┏━━
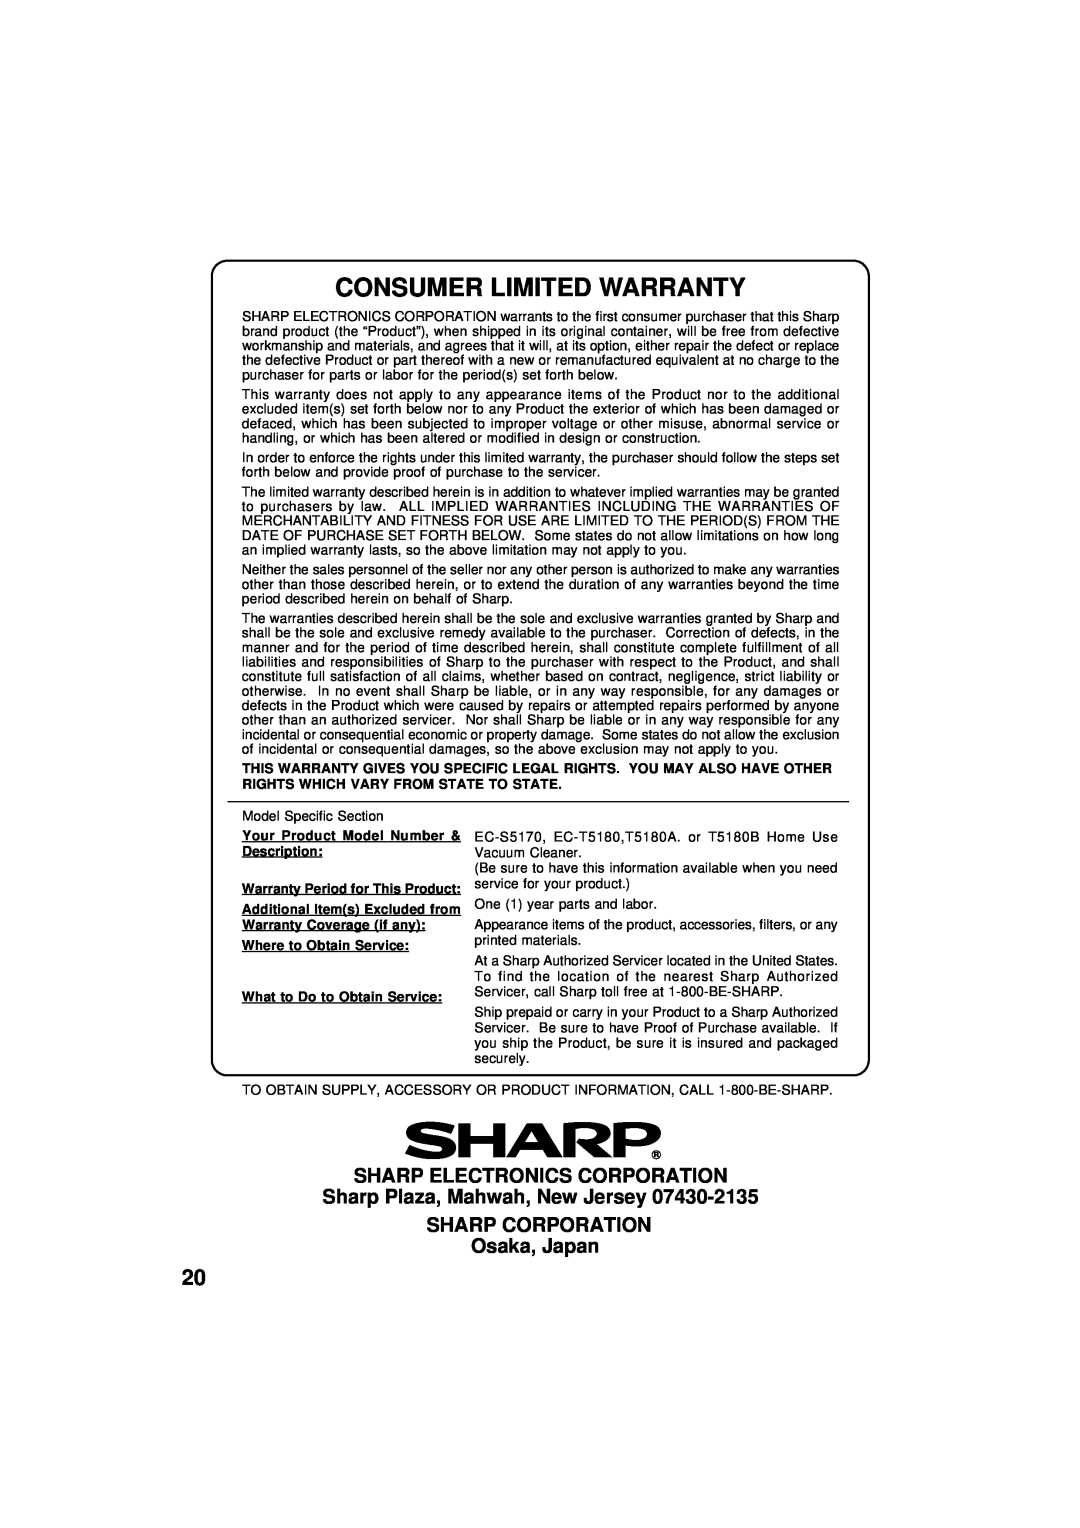 Sharp EC-T5180 Consumer Limited Warranty, Sharp Electronics Corporation, Sharp Plaza, Mahwah, New Jersey SHARP CORPORATION 
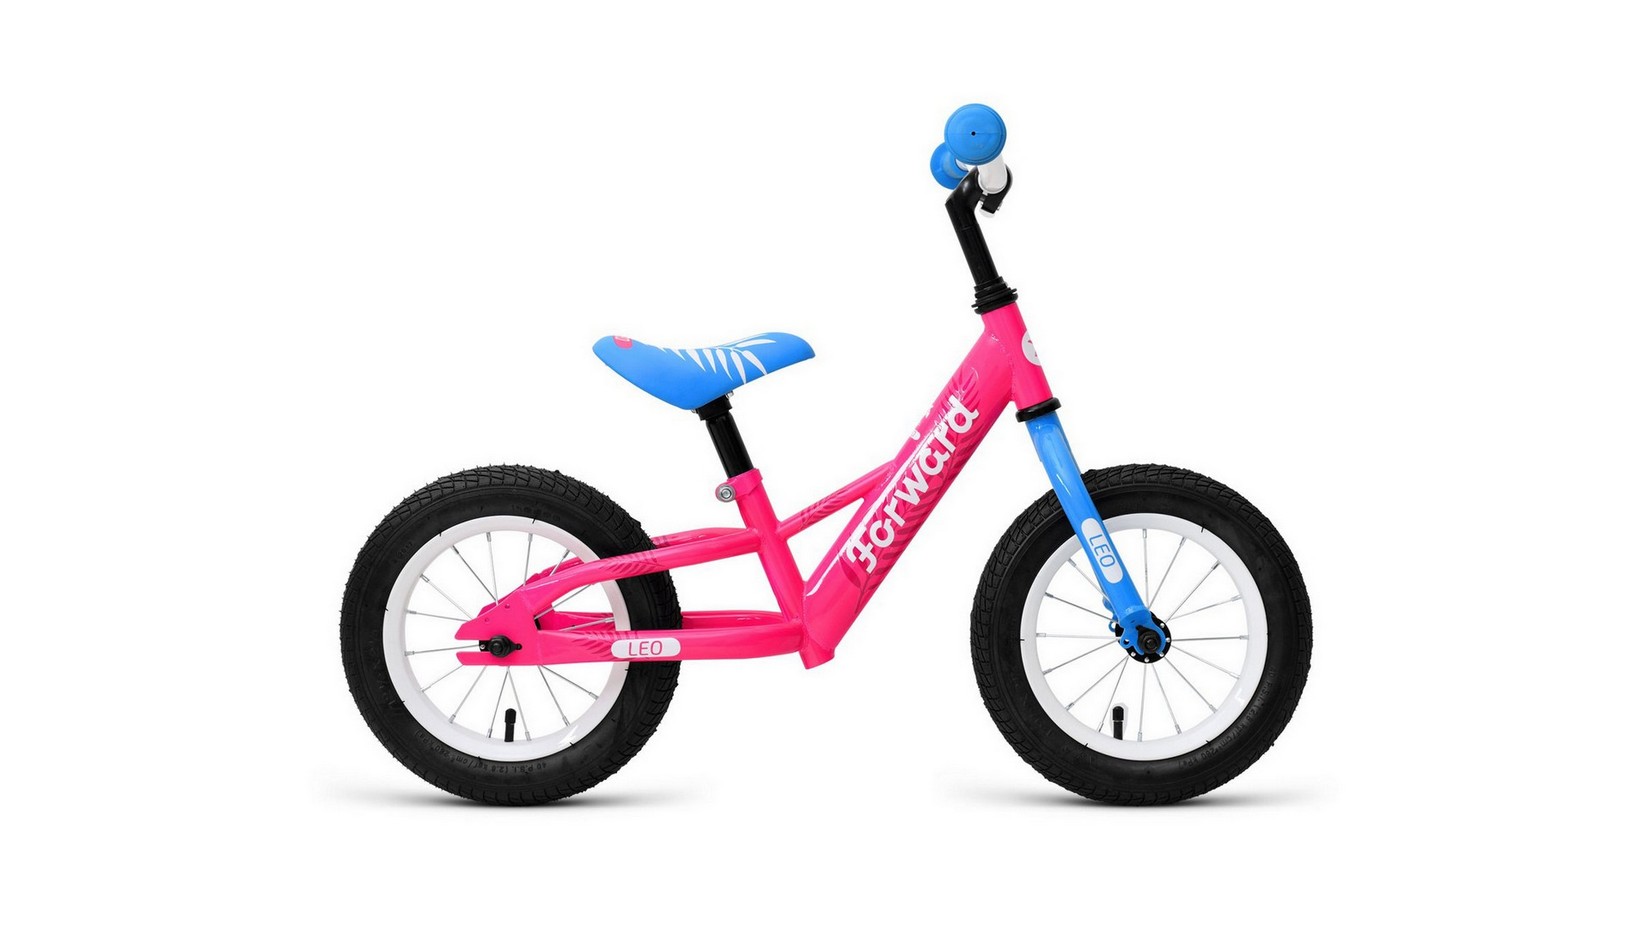 Беговел Forward LEO 2021 розовый 1BKW1R1A1002 женский велосипед stinger liberty evo год 2021 розовый ростовка 20 5
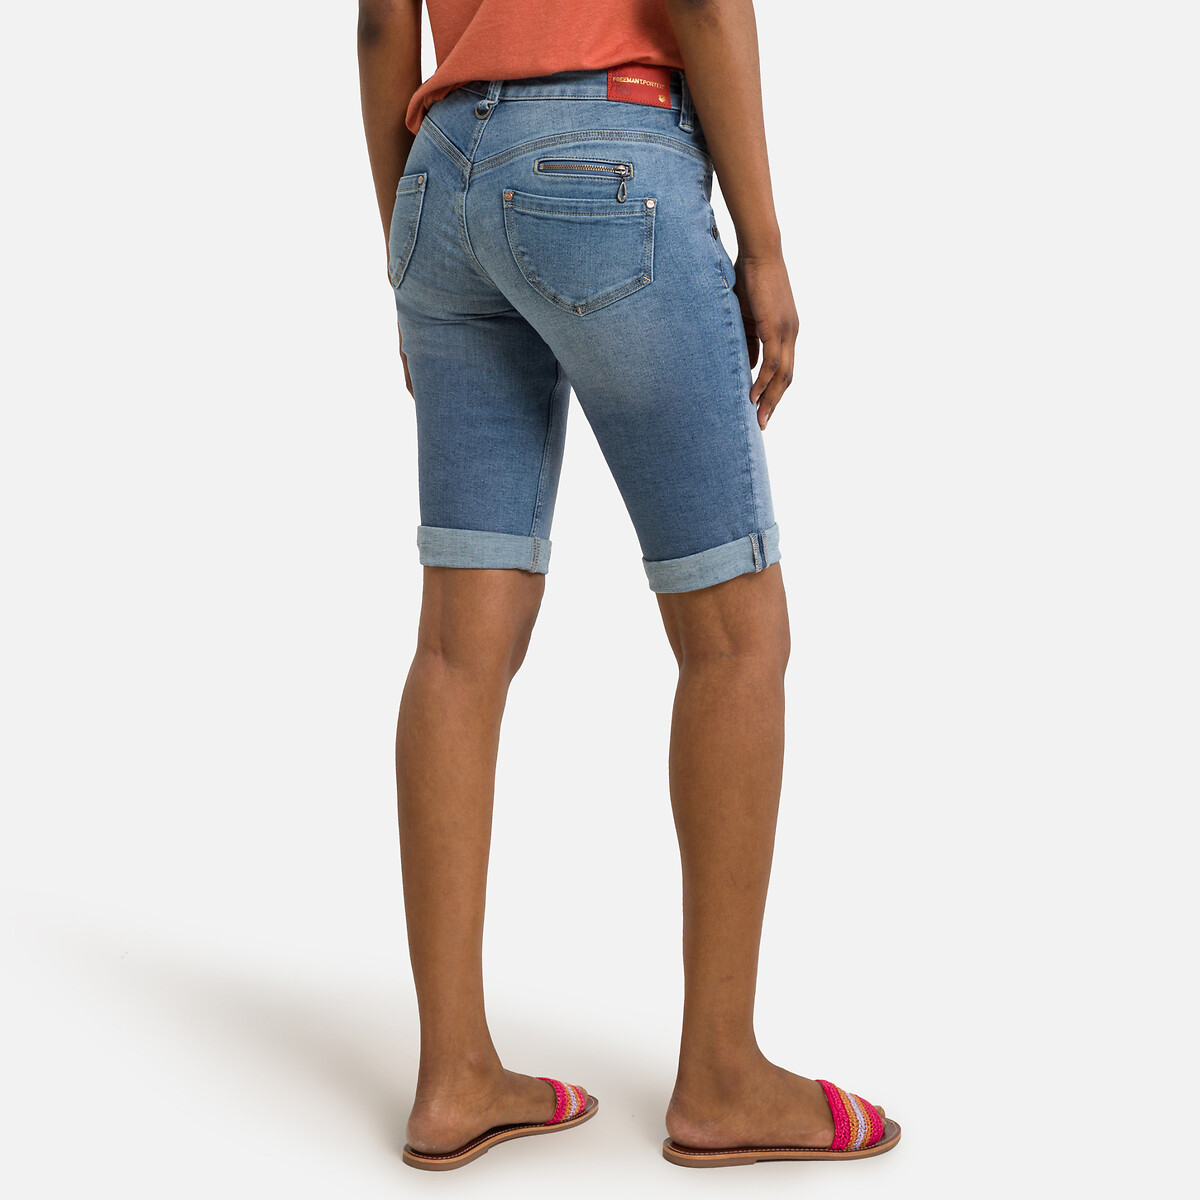 Бермуды Из джинсовой ткани S синий LaRedoute, размер S - фото 4
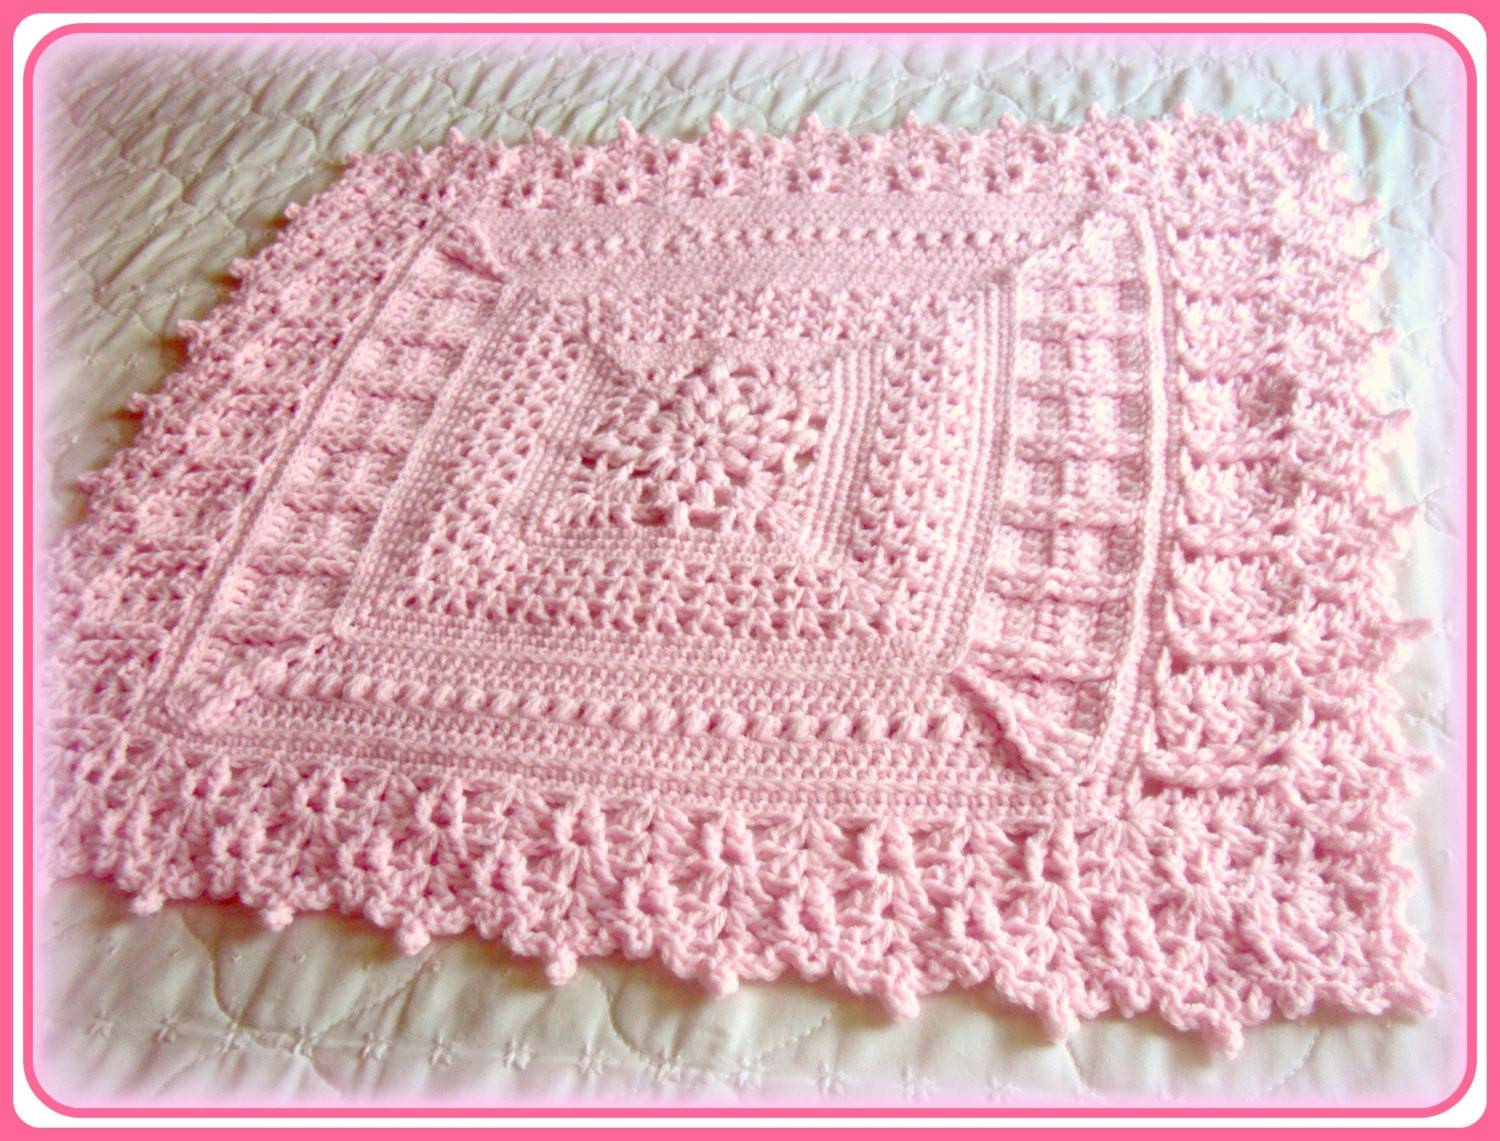 Crochet Baby Shawls Free Patterns Ba Blankets Patterns Free Crochet Blanket For Beginners And Knit
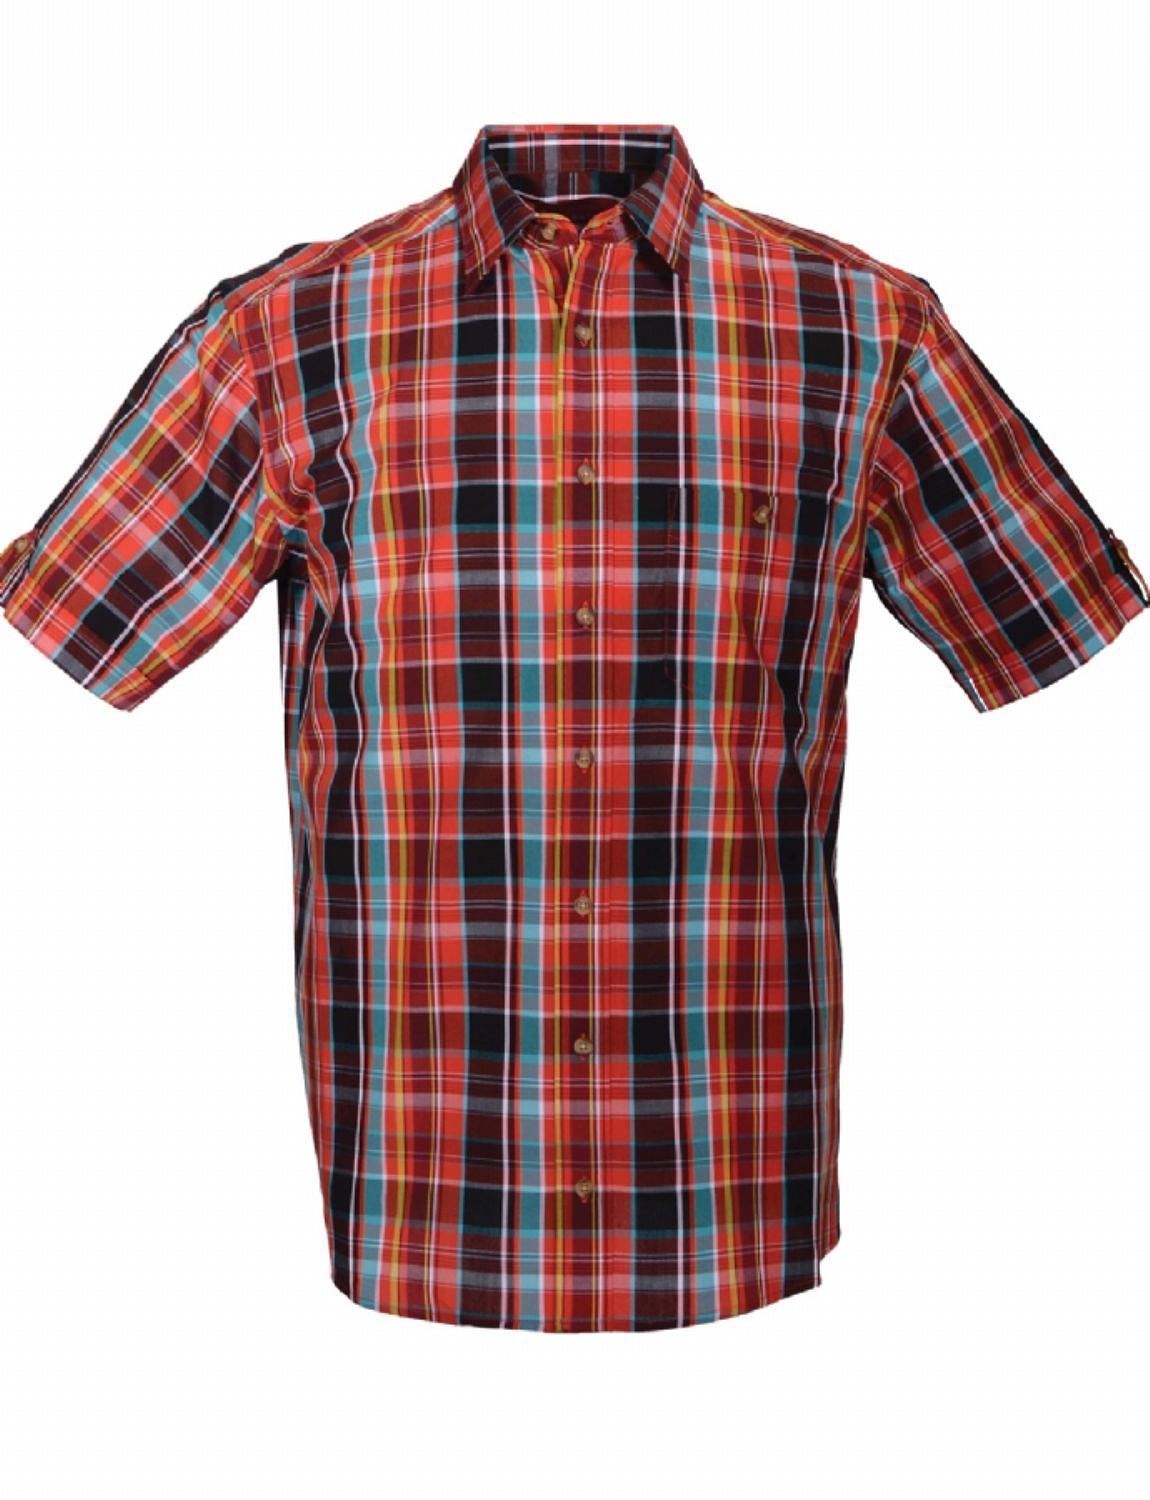 Double Two Vibrant Short Sleeve Check Shirt - Menswear Shirts & Tops ...
┗━━
**TASK BRIEF**
Beginning with the line that holds "Crochet Baby Shawls" and continuing to the end of the entries above, set down each line exactly, both ends included; include no pictures.

**SOLUTION FOR THIS PROBLEM**
 Crochet Baby Shawls Free Patterns Ba Blankets Patterns Free Crochet Blanket For Beginners And Knit
 Double Two Vibrant Short Sleeve Check Shirt - Menswear Shirts & Tops ...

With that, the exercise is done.